The documentation for the datasets and metadata released under Malware Detection In the Wild Leaderboard
We prepared two datasets to release to the community, please read carefully for details and participation rules.
- Train Data (
MalwareITW_TrainData.zip): This dataset includes only the sandbox traces for the samples first seen on VirusTotal before the training cut-off timestamp we used in our paper (1522540800, April 1st, 2018). We used this timestamp to split our training and testing sets. This dataset also includes the metadata for both sandbox and endpoint samples in the training split. If you wish to participate in our leaderboard for realistic evaluations, you must request access to this dataset. We are releasing a small subset of this dataset in this repository (MalwareITW_TrainData_Sample.zip), which has the same structure as the full Train Data.
- TrainAndTest Data (
MalwareITW_TrainAndTestData.zip): This dataset includes all the sandbox traces we used in our paper and the metadata for all samples (both sandbox and endpoint samples). If granted access to this dataset, you can no longer submit to our leaderboard. We are releasing a small subset of this dataset in this repository (MalwareITW_TrainAndTestData_Sample.zip), which has the same structure as the full TrainAndTest Data.
Please download and extract MalwareITW_TrainData.zipand MalwareITW_TrainAndTestData.zip into the repository directory (or their included _Sample versions).
We provide ReadMetadata.ipynb notebook to explore and describe the metadata format. This demonstrates how to obtain ground truth labels, family labels, and publisher labels (along with the labeling timestamps) from our metadata.
-
MalwareITW_TrainData/Train_sandbox_metadata.json: Contains the metadata for the sandbox samples in the training split. -
MalwareITW_TrainData/Train_endpoint_metadata.json: Contains the metadata for the endpoint samples in the training split.
-
MalwareITW_TrainAndTestData/TrainAndTest_sandbox_metadata.json: Contains the metadata for all sandbox samples in our paper. -
MalwareITW_TrainAndTestData/TrainAndTest_endpoint_metadata.json: Contains the metadata for all endpoint samples in our paper.
Our sandbox traces dataset includes traces from two sandboxes labeled Habo and Cuckoo.
Each trace is stored as a <hash>.json file that contains the trace from the sample with the SHA-256 hash of <hash>.
We provide StandardizedDataFormat.ipynb notebook to explain the trace format used in our sandbox and endpoint datasets. Participants are expected to provide detectors that can take traces in our .json format as input to make predictions (i.e., output a predicted probability score of whether the trace belongs to a malware sample).

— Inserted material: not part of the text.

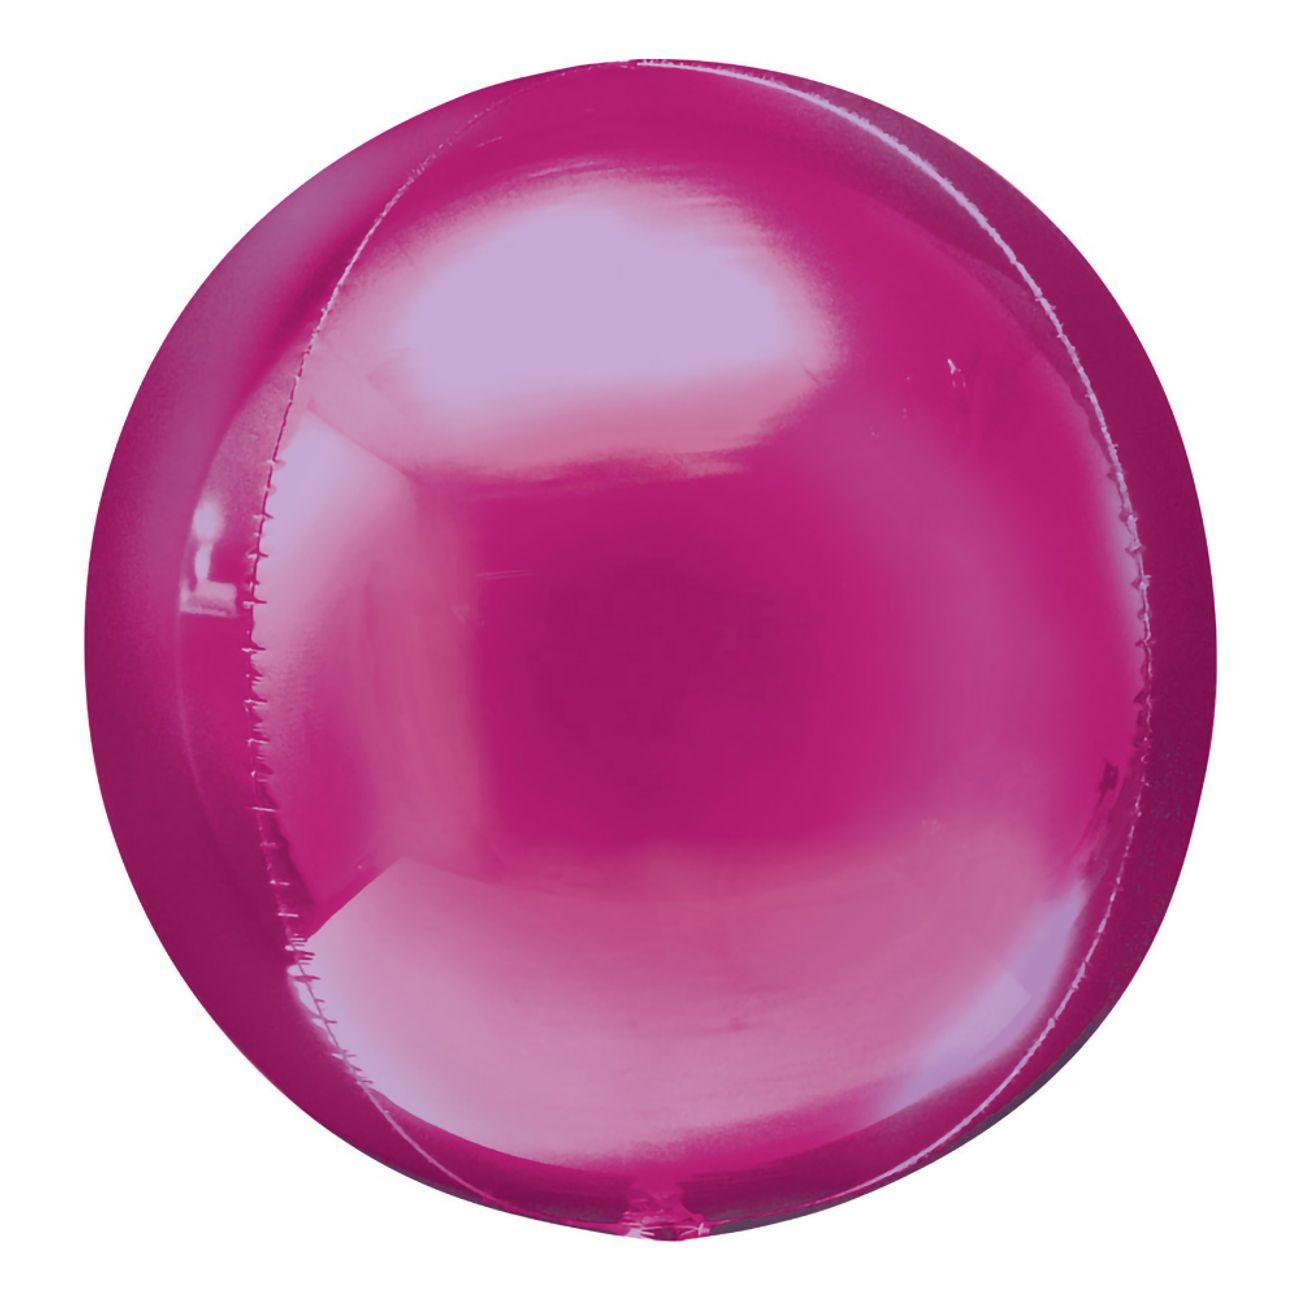 folieballong-orbz-morkrosa-45384-2

MalwareITW_TrainData\sandbox_dataset has the following directory structure:
sandbox_datasetTrainHabo(75,925 files)0d0460726570d9ff0a412ed0d4ddca87a8a3fa6c7cda1059c4477e17f17f5ff6.json
Cuckoo(51,953 files)8c83ea264e7d99612ac9e28885187fad7df58e61778af8727d6bf78f43970a9b.json
MalwareITW_TrainAndTestData\sandbox_dataset has the following directory structure:
sandbox_datasetTrainHabo(75,925 files)0d0460726570d9ff0a412ed0d4ddca87a8a3fa6c7cda1059c4477e17f17f5ff6.json
Cuckoo(51,953 files)8c83ea264e7d99612ac9e28885187fad7df58e61778af8727d6bf78f43970a9b.json
TestHabo(57,094 files)1dbe1e28967cfe49c830cdb73ff0ac7ab4a773bbd20f1bfe031f58edd414bb57.json
Cuckoo(33,684 files)7ce80babf46d0ecc30ed9b2e9292d3d3d988325bb0fdc971d867509569617a67.json
Note how the TrainAndTest Data includes another subdirectory named Test.
To request access to our data please contact Yigitcan Kaya at yigitcan at ucsb dot edu
Use the subject line MalwareITW Data Request: Train Data or MalwareITW Data Request: TraindAndTest Data for your emails. Make sure to include details about yourself and your institution in the your email's body.

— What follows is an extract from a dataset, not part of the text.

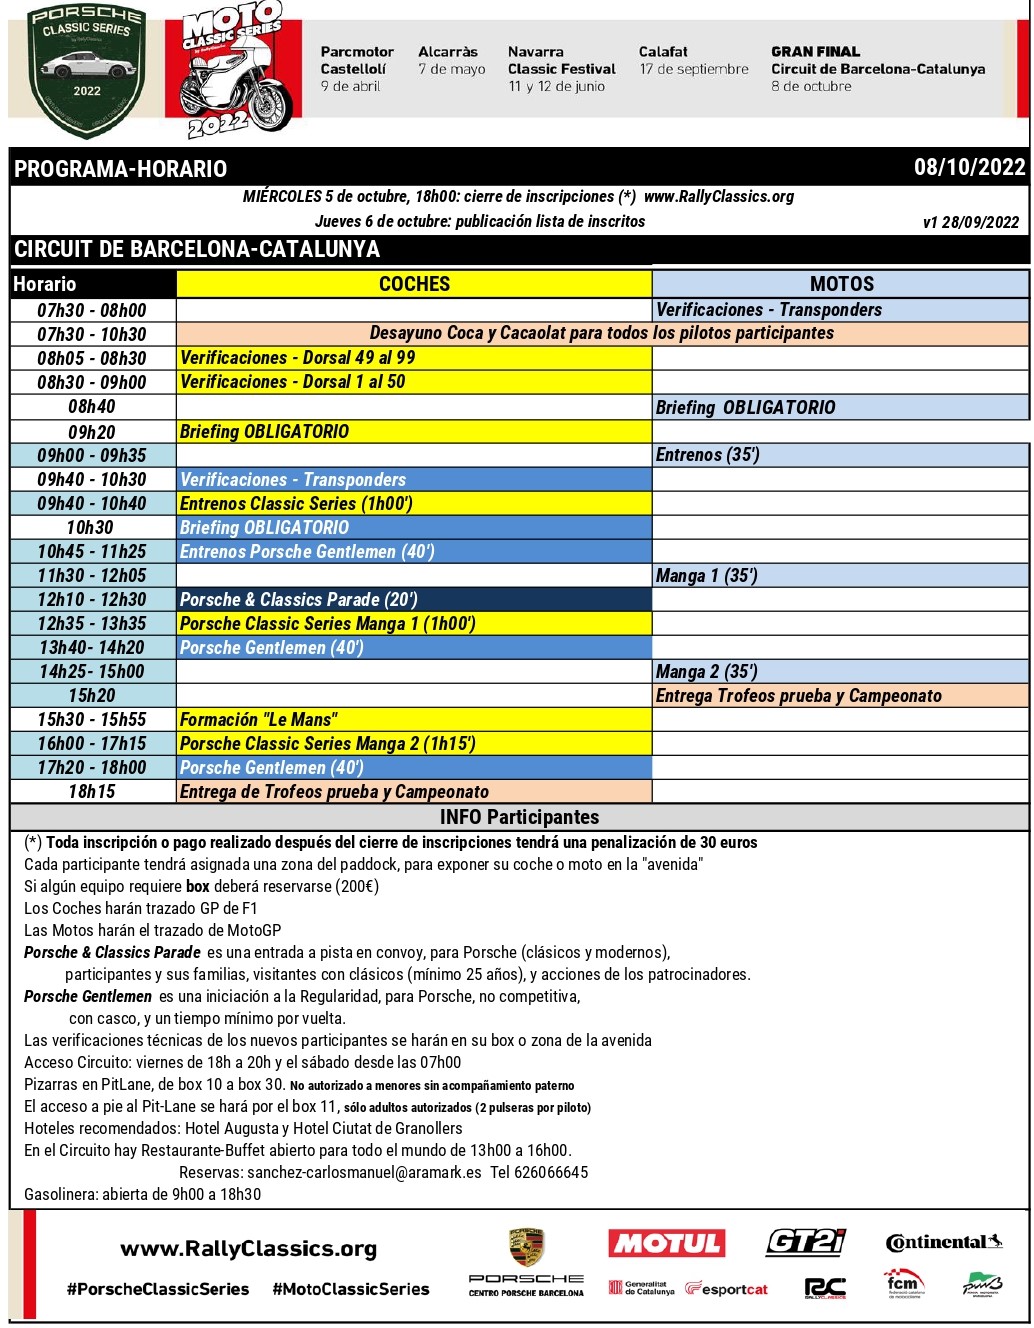 Programa-Horari MotoClassic Series Circuit de Barcelona Catalunya 2022

After approval, we will reply to your email with:
-
A Google Drive link to download the dataset
-
An identifier tag for your team
<team_identifier>that you will use for leaderboard submissions (see our Github repository for submissions).
Once you download the dataset, extract the .zip file, to create MalwareITW_TrainData (or MalwareITW_TrainAndTestData), which include the files described in our tutorial.
If granted access to the TraindAndTest Data, you can no longer submit to our leaderboard. This ensures that the detectors submitted to the leaderboard are realistic and obey causality (trained on samples that existed before the testing samples). Moreover, the metadata in the TraindAndTest Data also includes the endpoint samples in our testing split, on which the submitted models will be evaluated.
Please do not share the dataset with others.